Material to process Start Marker
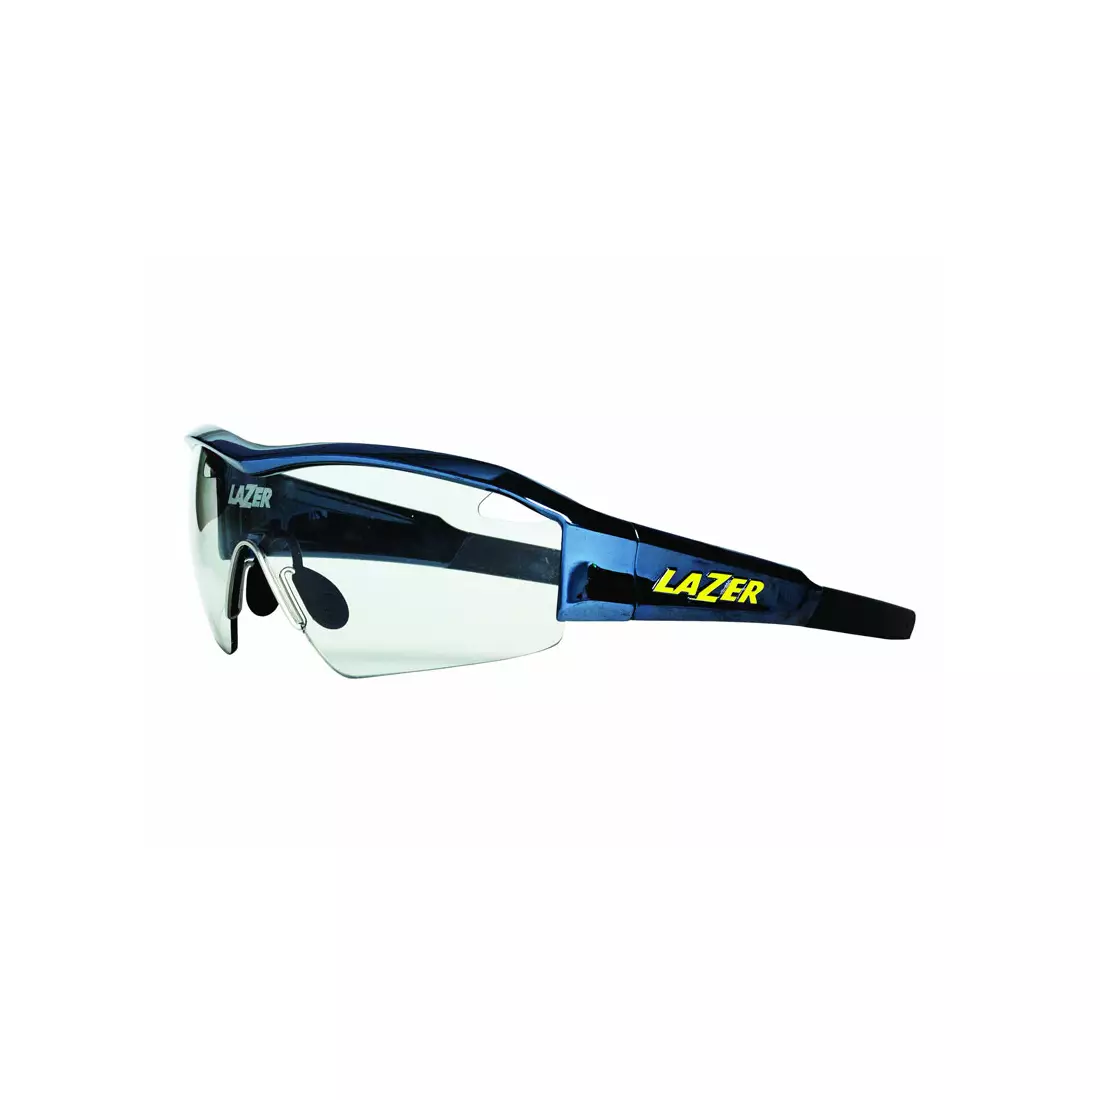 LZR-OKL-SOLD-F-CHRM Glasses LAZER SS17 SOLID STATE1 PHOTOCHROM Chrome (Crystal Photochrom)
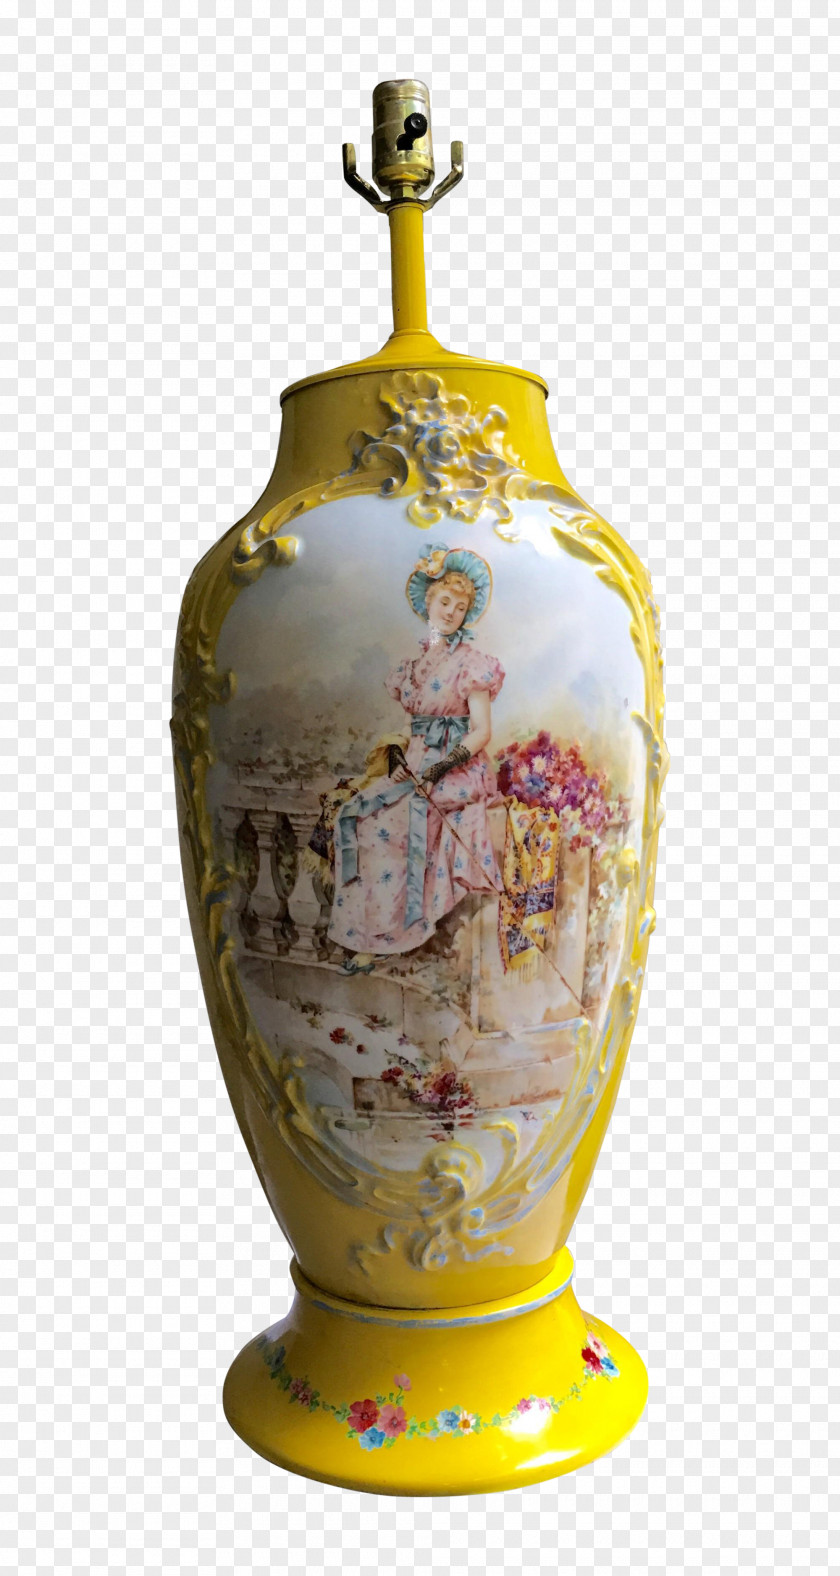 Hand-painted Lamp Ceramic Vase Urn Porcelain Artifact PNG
Material to process End Marker
Material to process Start Marker
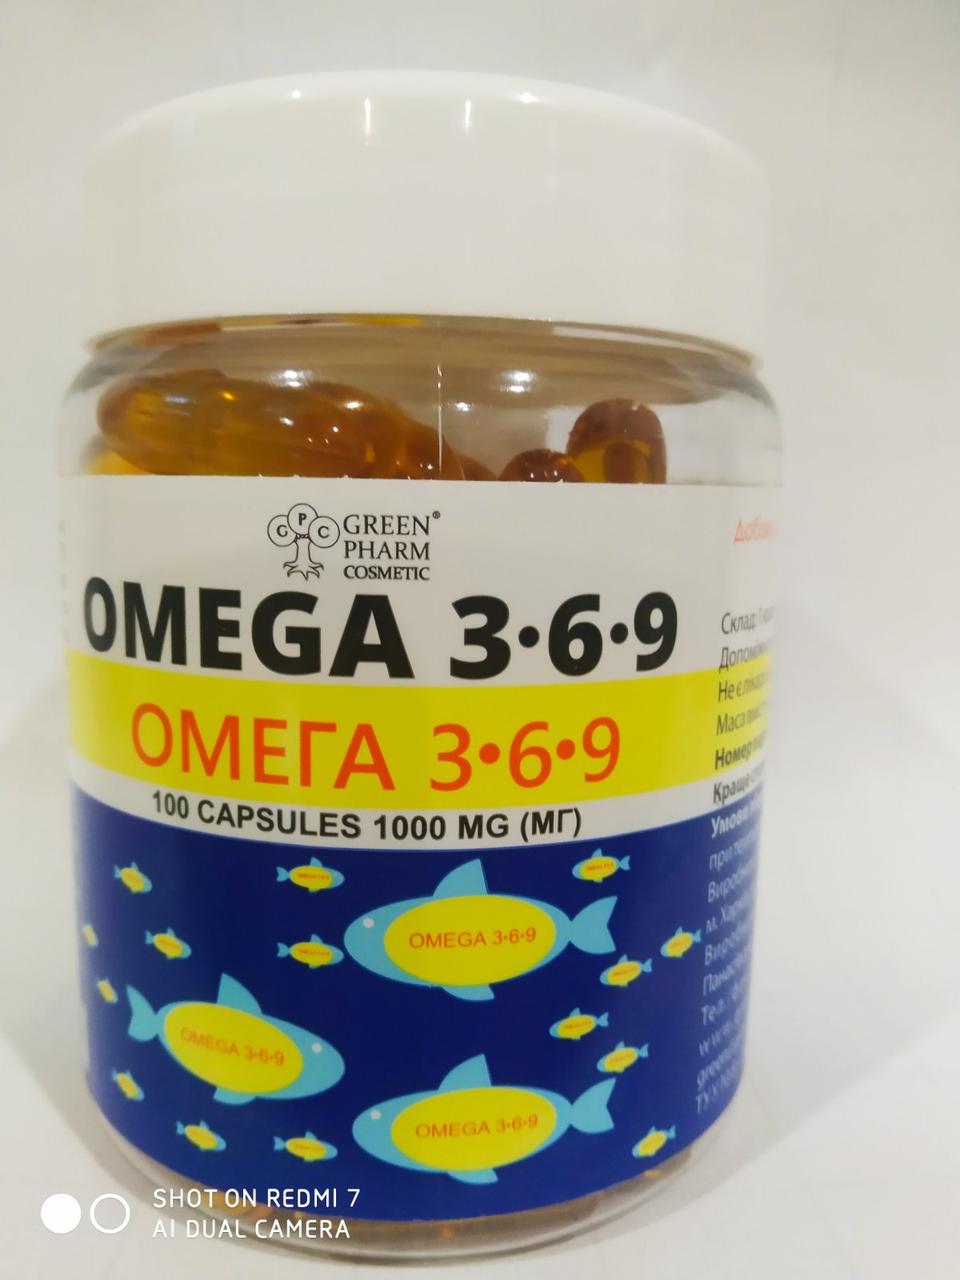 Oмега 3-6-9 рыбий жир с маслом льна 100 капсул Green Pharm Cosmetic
Material to process End Marker
Material to process Start Marker
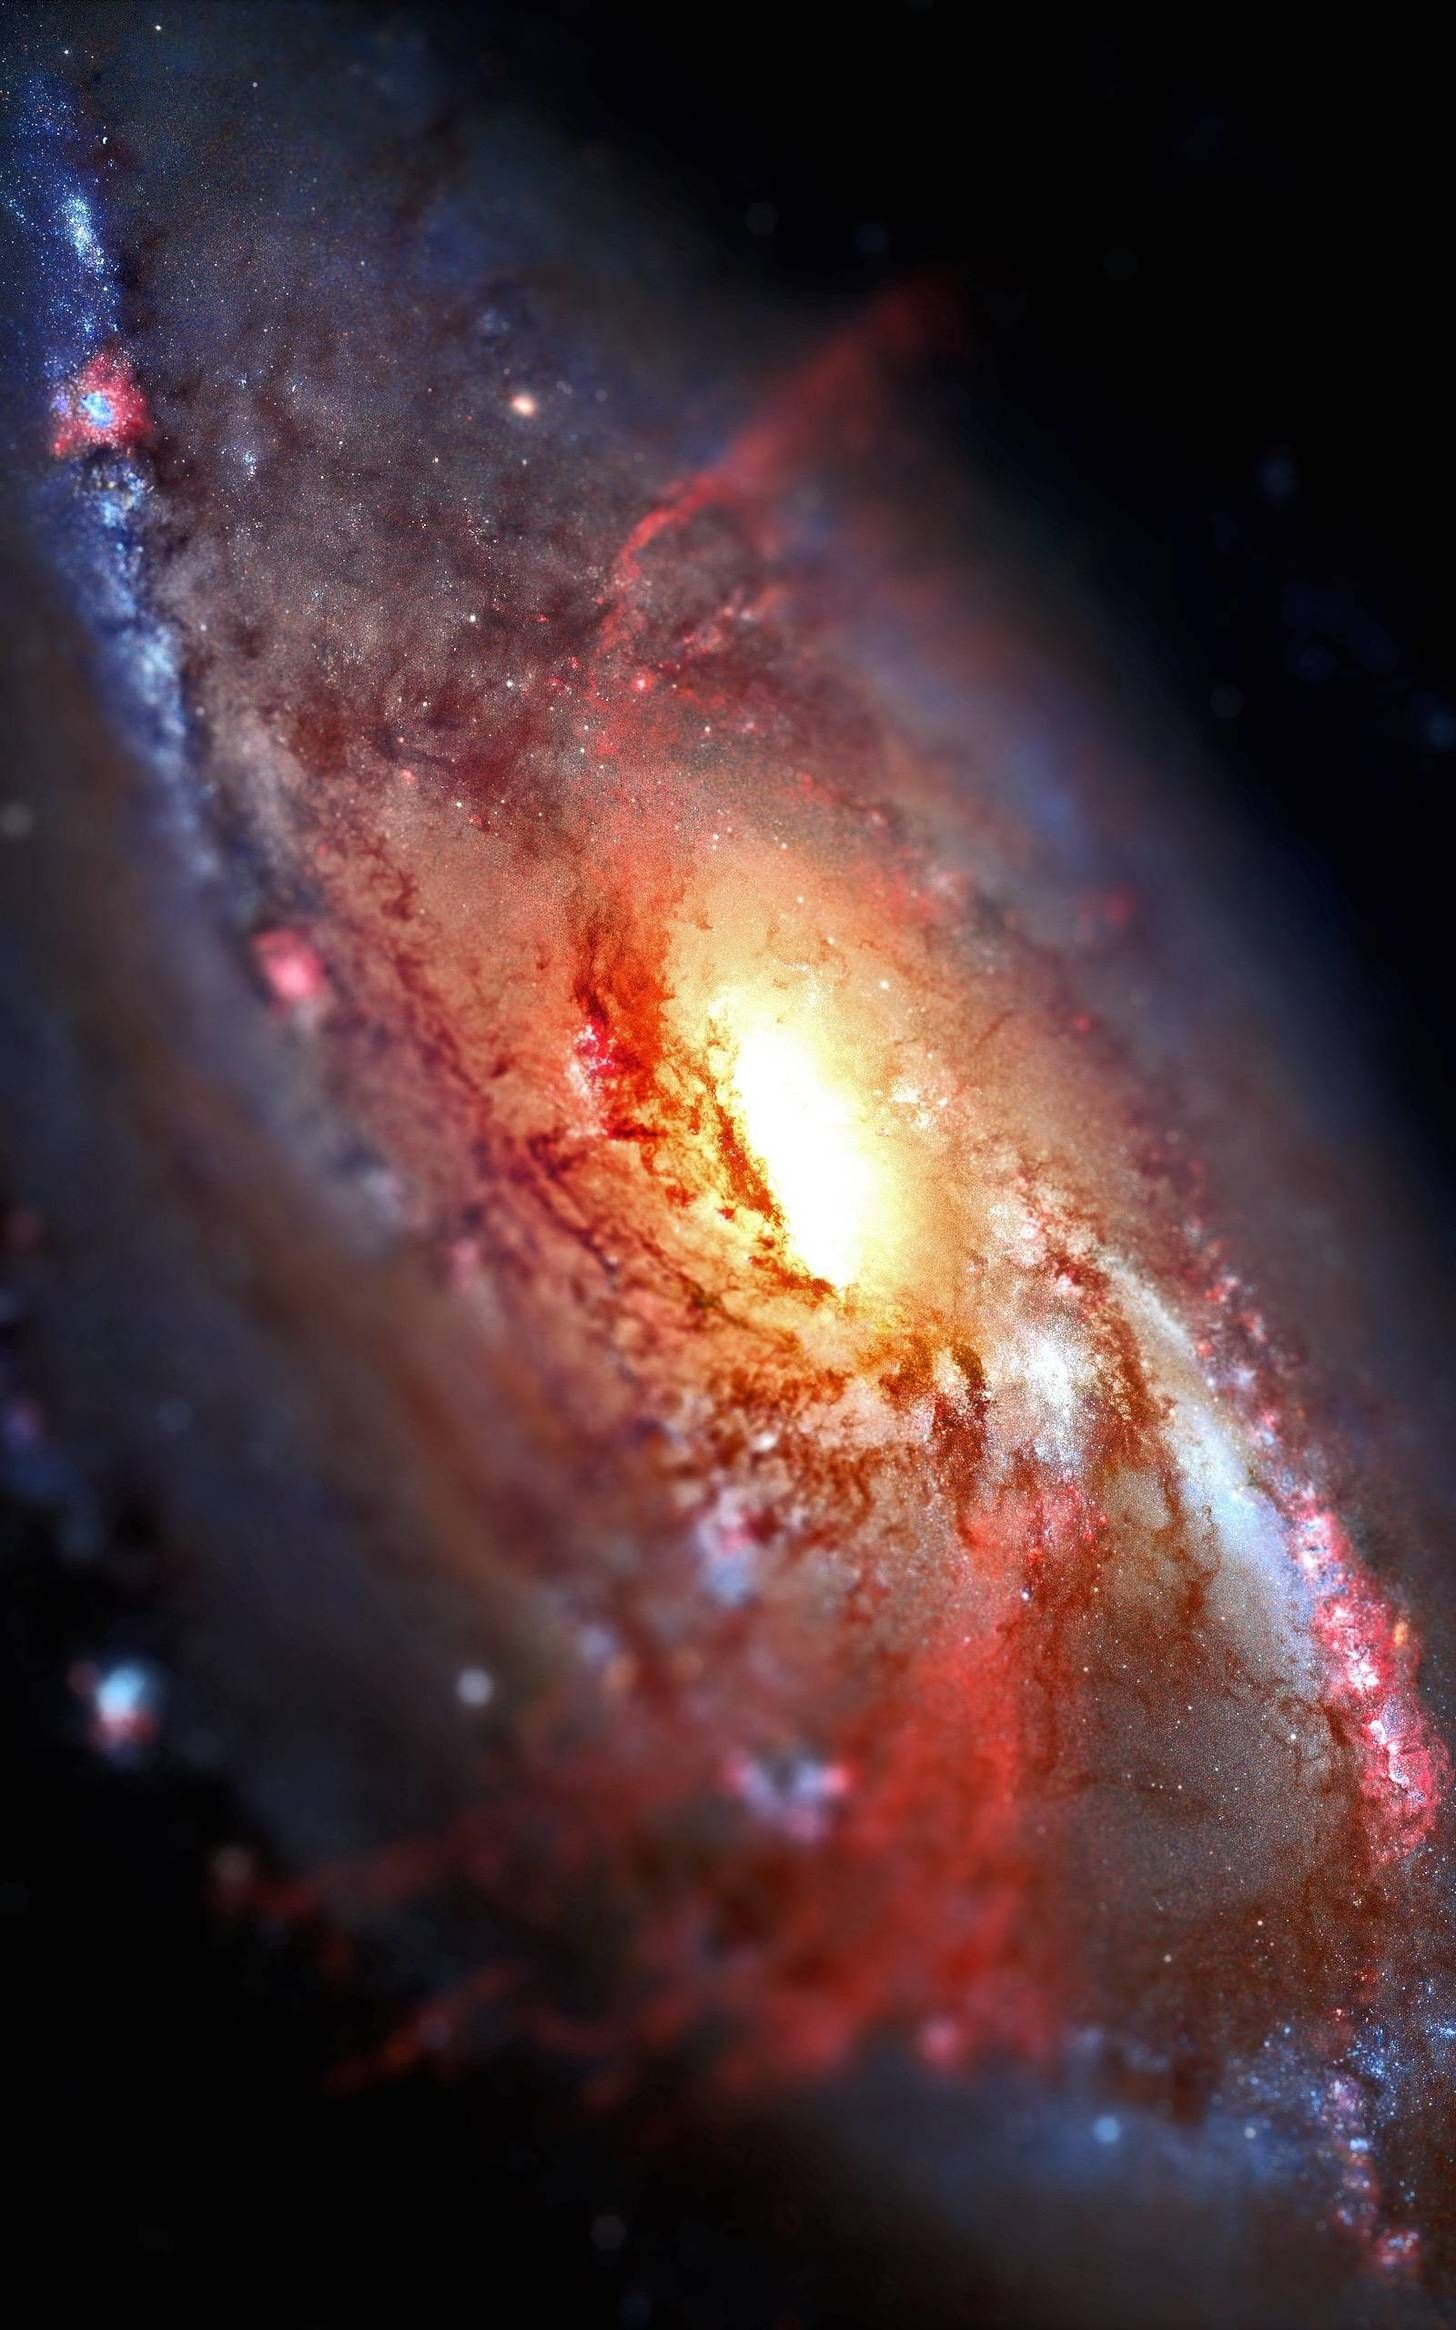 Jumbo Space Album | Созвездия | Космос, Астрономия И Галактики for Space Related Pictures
Material to process End Marker
Work to complete: Skipping the pictures, print the lines in the listing above exactly as written, starting at the line with "LZR-OKL-SOLD-F-CHRM Glasses LAZER" and ending at the line with "Hand-painted Lamp Ceramic", both included.

Solution to this problem:
 LZR-OKL-SOLD-F-CHRM Glasses LAZER SS17 SOLID STATE1 PHOTOCHROM Chrome (Crystal Photochrom)
 Hand-painted Lamp Ceramic Vase Urn Porcelain Artifact PNG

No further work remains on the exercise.